Improving Practice Efficiencies

A strong specialty pharmacy can take on much of the financial evaluation and patient assistance duties, while improving practice efficiencies.

“Through the specialty pharmacy, the practice knows when the patients are ordering the drugs, when the patients are getting the drugs, and presumably that patients are taking the drugs. And physicians have a better handle to monitor the patients taking the medication,” said Richard Harris, MD, president and chief executive officer of UroPartners, an integrated practice of more than 55 experienced urological specialists, pathologists, and radiation oncologists.

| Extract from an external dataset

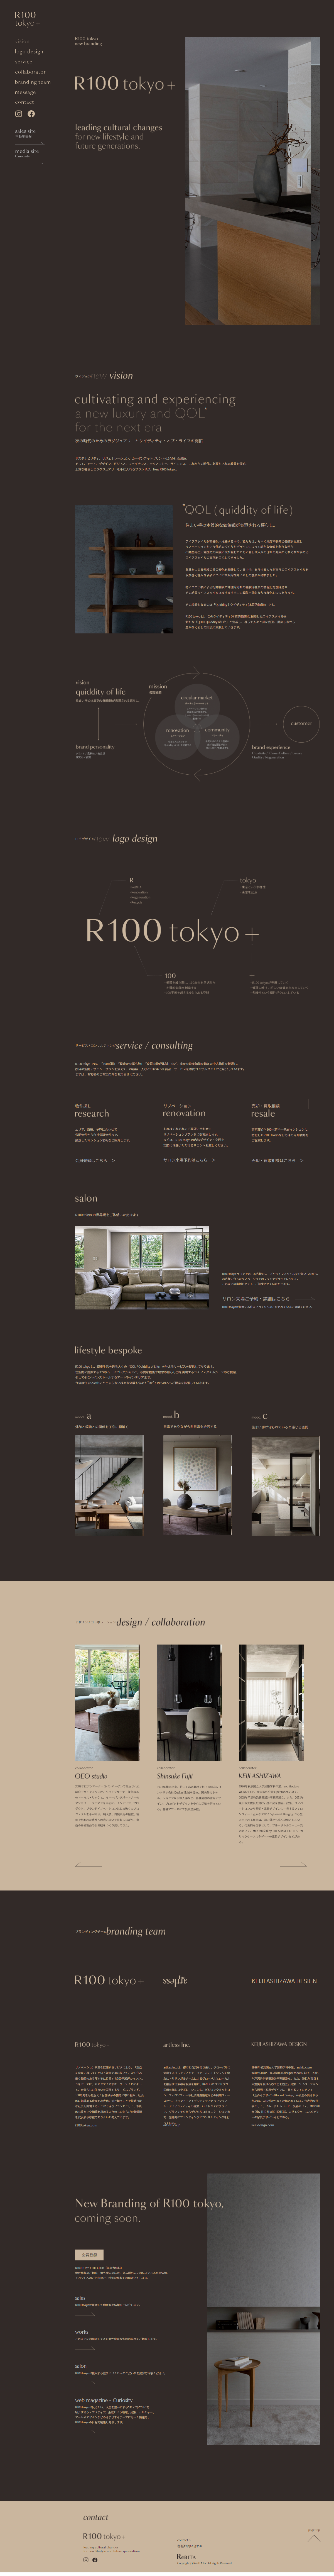 建築･不動産・建設・開発 Webマガジン制作 WEBデザイン参考ギャラリー R100 tokyo +

By incorporating a specialty pharmacy, urologists can maintain that continuity of patient care. It is an advantage of many large groups, said Harris.

Successful integration of a specialty pharmacy into a urologic office depends on the volume of prescriptions. Office staff can spend long periods on the phone navigating the insurance process. “There can be a significant savings to the office and the redeployment of the staff to actually managing patients versus being on the phone” added Sredzinski.

Sredzinski is confident that “once the practice manager sees how seamless it is to work with a specialty pharmacy, the in-office drug dispensing model becomes more of an administrative burden.”

The benefits of working with a specialty pharmacy are numerous. Urology practices may see an opportunity to use specialty pharmacy in achieving the important goal of a successful outcome for the patient.